In [35]: df2.iloc[1:3] #Position-oriented
Out[35]:
AAA BBB CCC
2 5 20 50
3 6 30 -30
In [36]: df2.loc[1:3] #Label-oriented
Out[36]:
AAA BBB CCC
1 4 10 100
2 5 20 50
3 6 30 -30
Using inverse operator (~) to take the complement of a mask
In [37]: df = pd.DataFrame(
....: {'AAA' : [4,5,6,7], 'BBB' : [10,20,30,40], 'CCC' : [100,50,-30,-50]}); df
....:
Out[37]:
AAA BBB CCC
0 4 10 100
1 5 20 50
2 6 30 -30
3 7 40 -50
In [38]: df[~((df.AAA <= 6) & (df.index.isin([0,2,4])))]
Out[38]:
AAA BBB CCC
1 5 20 50
3 7 40 -50
Panels
In [39]: rng = pd.date_range('1/1/2013',periods=100,freq='D')
In [40]: data = np.random.randn(100, 4)
In [41]: cols = ['A','B','C','D']
In [42]: df1, df2, df3 = pd.DataFrame(data, rng, cols), pd.DataFrame(data, rng, cols), pd.DataFrame(data, rng, cols)
In [43]: pf = pd.Panel({'df1':df1,'df2':df2,'df3':df3});pf
Out[43]:
<class 'pandas.core.panel.Panel'>
Dimensions: 3 (items) x 100 (major_axis) x 4 (minor_axis)
Items axis: df1 to df3
Major_axis axis: 2013-01-01 00:00:00 to 2013-04-10 00:00:00
Minor_axis axis: A to D
In [44]: pf.loc[:,:,'F'] = pd.DataFrame(data, rng, cols);pf
Out[44]:
<class 'pandas.core.panel.Panel'>
Dimensions: 3 (items) x 100 (major_axis) x 5 (minor_axis)
Items axis: df1 to df3
Major_axis axis: 2013-01-01 00:00:00 to 2013-04-10 00:00:00
Minor_axis axis: A to F
Mask a panel by using np.where and then reconstructing the panel with the new masked values
New Columns
Efficiently and dynamically creating new columns using applymap
In [45]: df = pd.DataFrame(
....: {'AAA' : [1,2,1,3], 'BBB' : [1,1,2,2], 'CCC' : [2,1,3,1]}); df
....:
Out[45]:
AAA BBB CCC
0 1 1 2
1 2 1 1
2 1 2 3
3 3 2 1
In [46]: source_cols = df.columns # or some subset would work too.

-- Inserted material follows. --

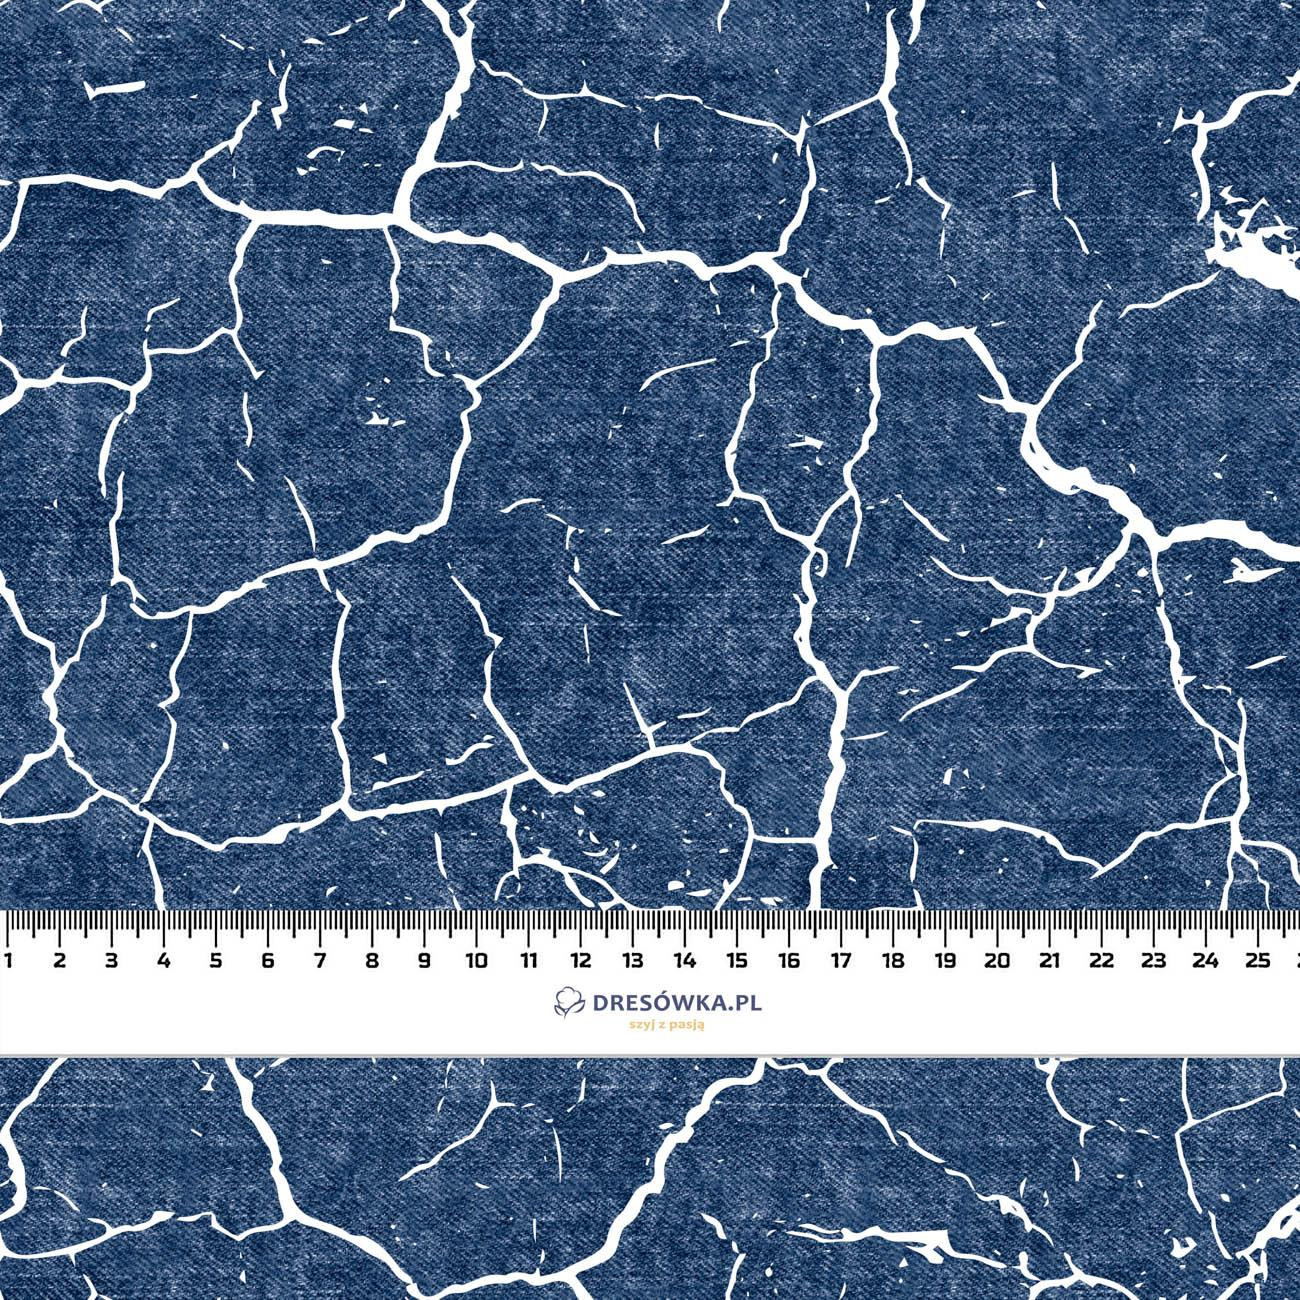 SCORCHED EARTH (white) / ACID WASH (dark blue) - looped knit fabric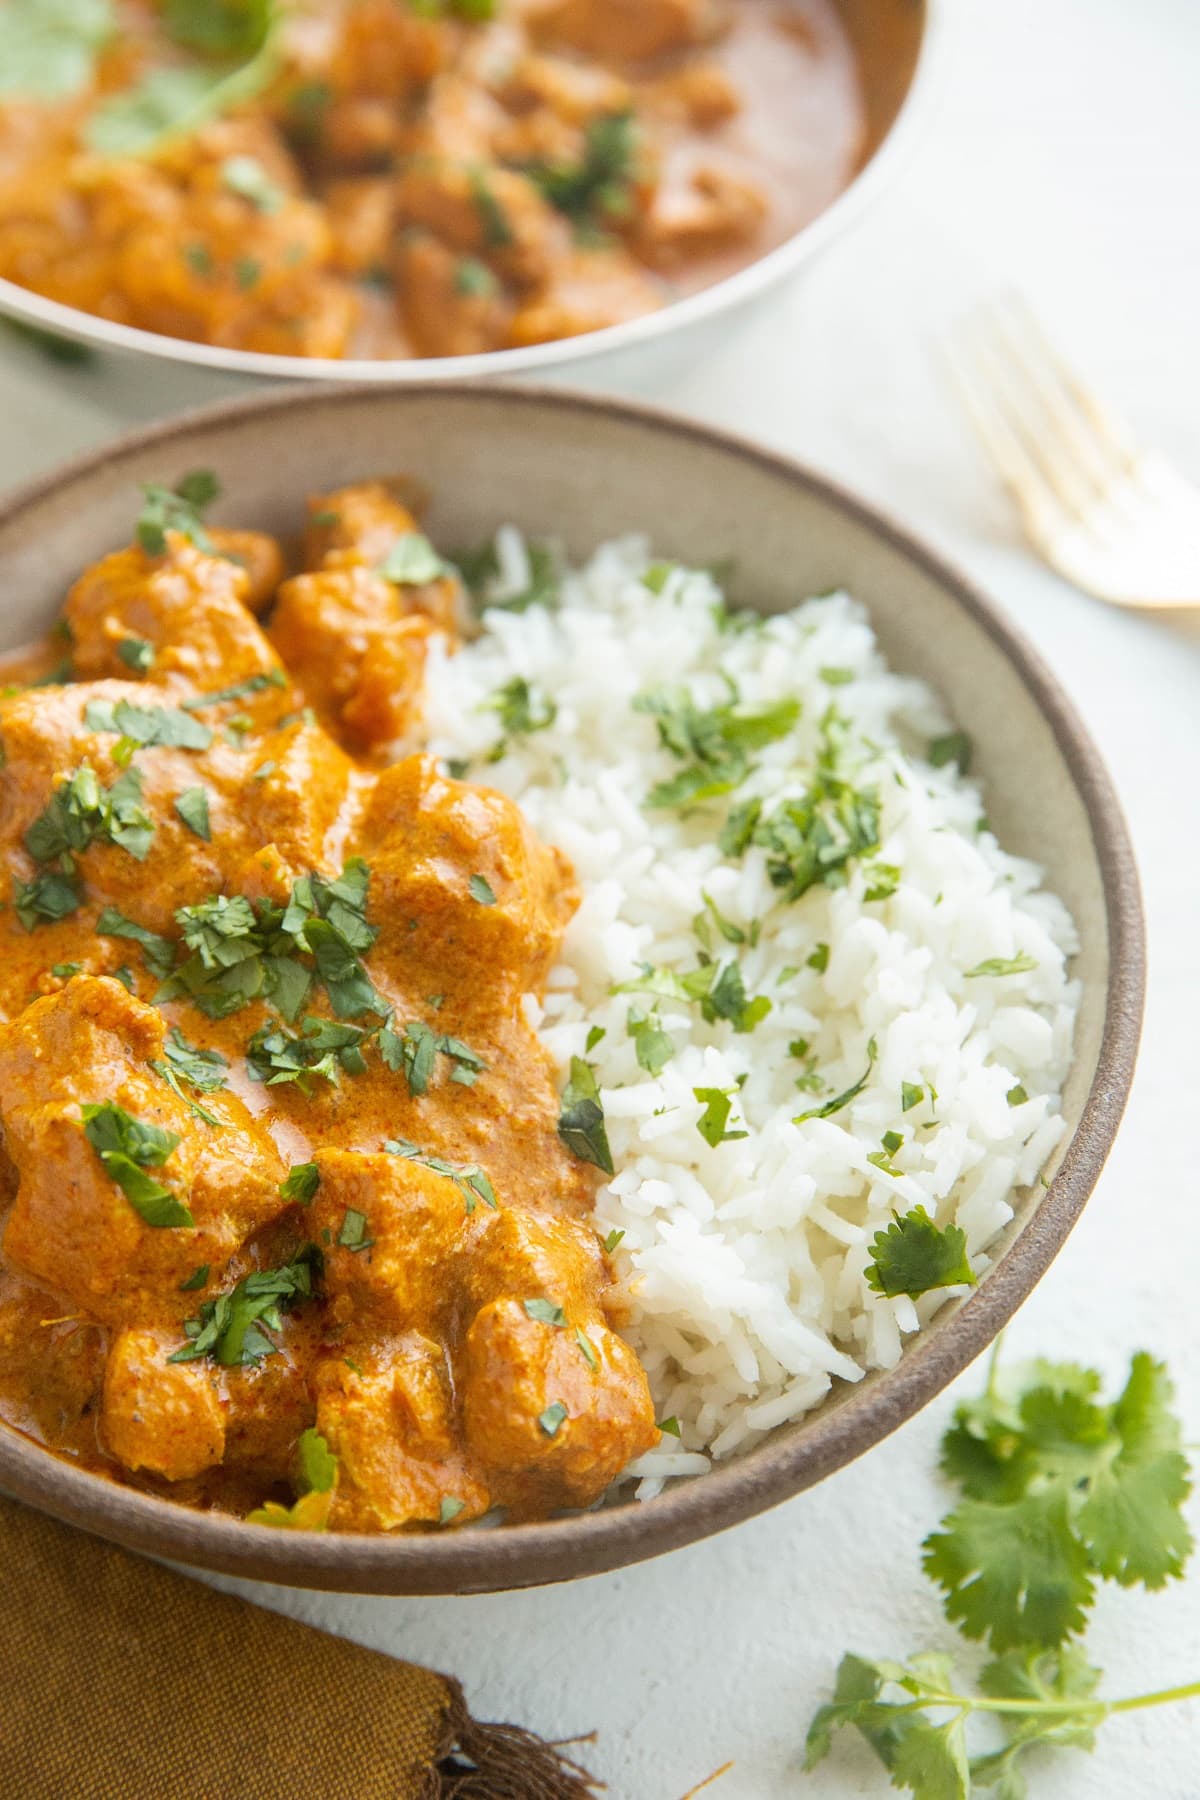 Angled shot of a bowl of chicken tikka masala with white rice.

In [47]: new_cols = [str(x) + "_cat" for x in source_cols]
In [48]: categories = {1 : 'Alpha', 2 : 'Beta', 3 : 'Charlie' }
In [49]: df[new_cols] = df[source_cols].applymap(categories.get);df
Out[49]:
AAA BBB CCC AAA_cat BBB_cat CCC_cat
0 1 1 2 Alpha Alpha Beta
1 2 1 1 Beta Alpha Alpha
2 1 2 3 Alpha Beta Charlie
3 3 2 1 Charlie Beta Alpha
Keep other columns when using min() with groupby
In [50]: df = pd.DataFrame(
....: {'AAA' : [1,1,1,2,2,2,3,3], 'BBB' : [2,1,3,4,5,1,2,3]}); df
....:
Out[50]:
AAA BBB
0 1 2
1 1 1
2 1 3
3 2 4
4 2 5
5 2 1
6 3 2
7 3 3
Method 1 : idxmin() to get the index of the mins
In [51]: df.loc[df.groupby("AAA")["BBB"].idxmin()]
Out[51]:
AAA BBB
1 1 1
5 2 1
6 3 2
Method 2 : sort then take first of each
In [52]: df.sort_values(by="BBB").groupby("AAA", as_index=False).first()
Out[52]:
AAA BBB
0 1 1
1 2 1
2 3 2
Notice the same results, with the exception of the index.